As for the chicken, I have cooked this dish many times using just breast meat. As I noted in my post “Chicken Parts and Spicy Chinese Chicken Stew”, it just does not taste the same as when you include bones in the cooking. Of course you could use a whole chicken cut into pieces, but I prefer to keep it simple and use wing parts and breast meat, mixed in about equal proportions.

Cooking

When you are cooking a dish like Ceylonese Chicken Curry, with a long list of ingredients, get everything ready and lay it out in the order in which you need them. I have organized this recipe to make that simple.

You will note that the cooking itself is not very complicated, as this is basically a simmer, just like cooking a stew.

I start with the bony pieces, and simmer them for 30 minutes before adding the breast meat. This allows the bones to impart flavour to the gravy, and yet it is not so long that the bony pieces get overcooked. By adding the breast meat later and simmering until cooked, I avoid overcooking these lean pieces.
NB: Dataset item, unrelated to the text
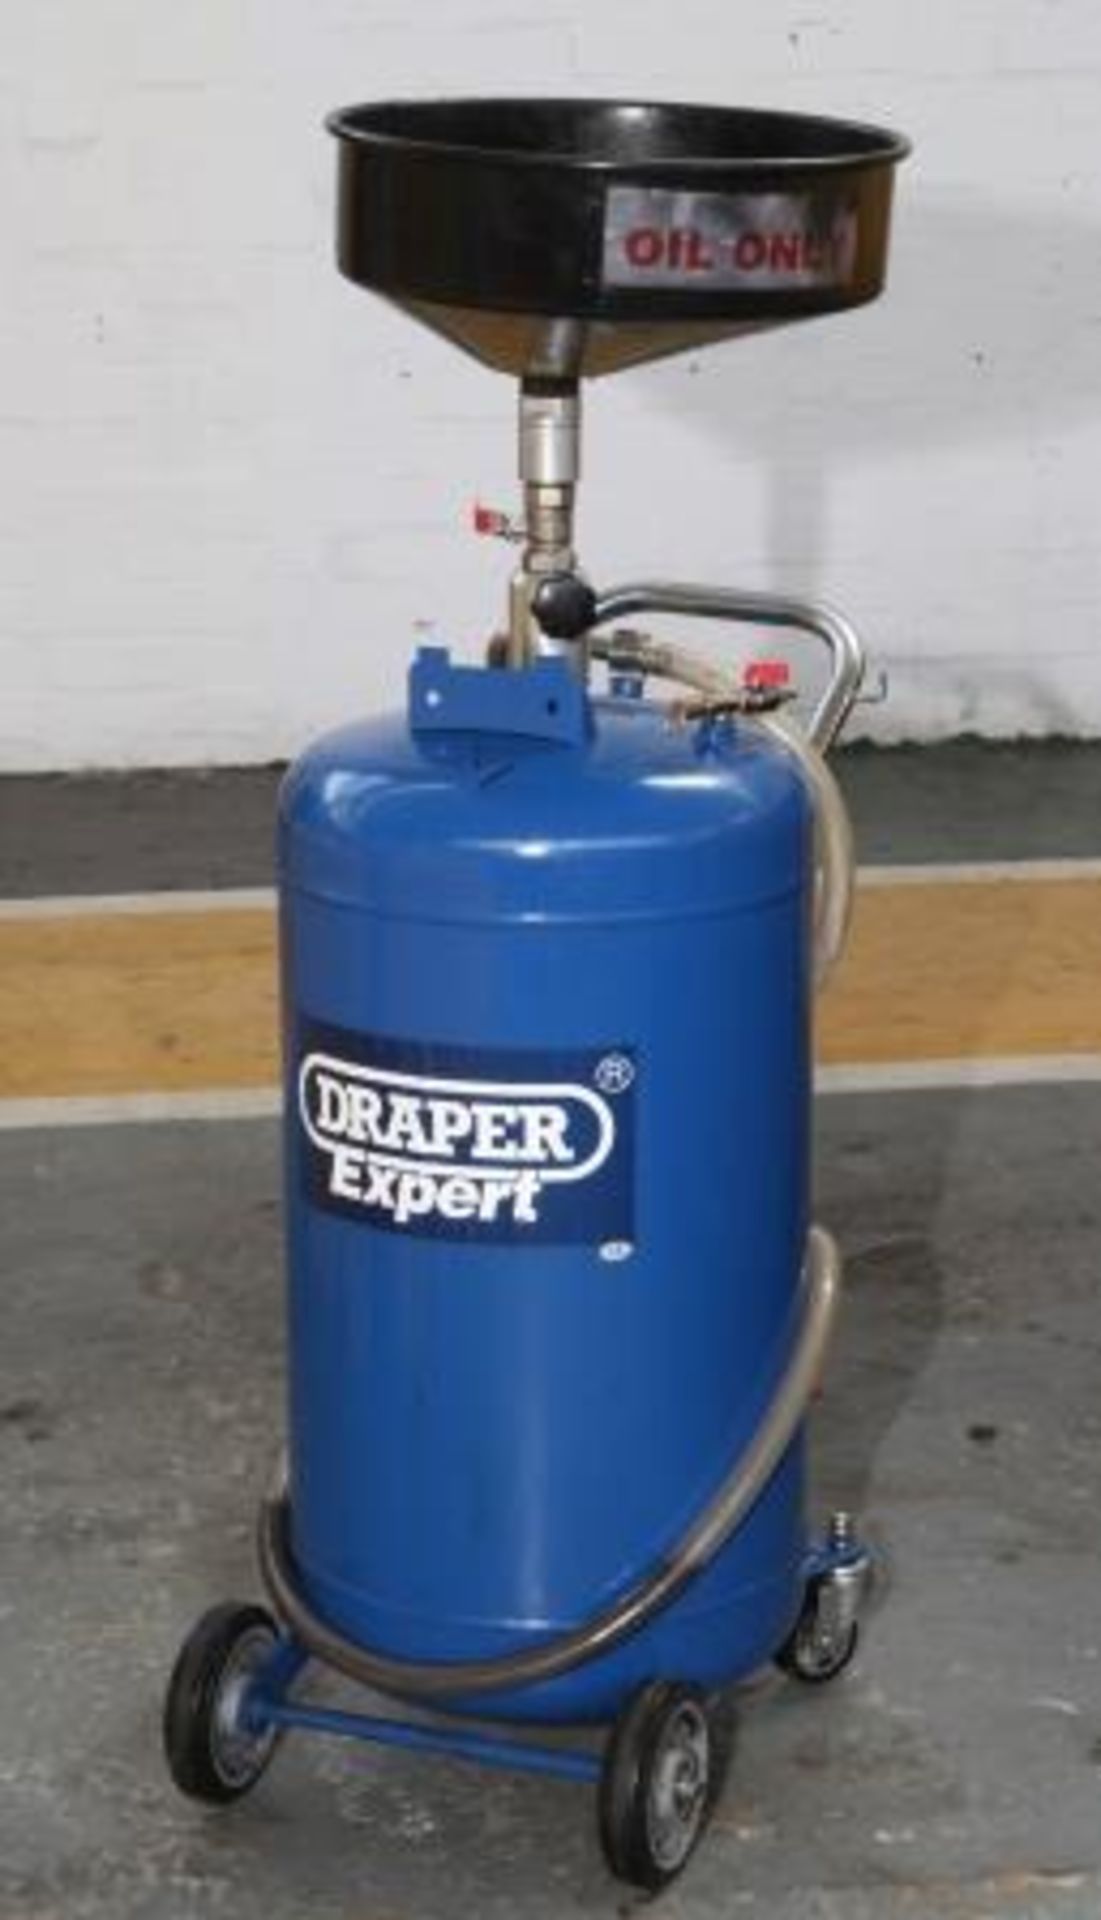 Draper Expert 90 Litre Oil Drainer

Overcooked breast meat can be dry and stringy, not something I like at all.

Serving

Like most curries, Ceylonese Chicken Curry improves in flavour if allowed to sit for several hours, or overnight. Do put it in the fridge if you are leaving it to sit. An hour or two in a covered pot is fine for me, anything more and I put the food in the fridge until needed.

Ceylonese Chicken Curry also freezes very well. I allow the curry to cool in the pot for 30 minutes or so, then dish out portion sizes into air-tight containers and freeze promptly. The containers I use are suitable for Freezer – microwave (see “Inflation Busting – Managing Food Expenses”) so it makes things really convenient.

Put the chicken pieces into the containers and pour enough gravy over them to cover completely if possible. This avoids any drying out that could otherwise occur.

So yes, this is a dish that is quite honestly a bit of work, but you can cook two or more meals in one go, so that gives you a time saving benefit.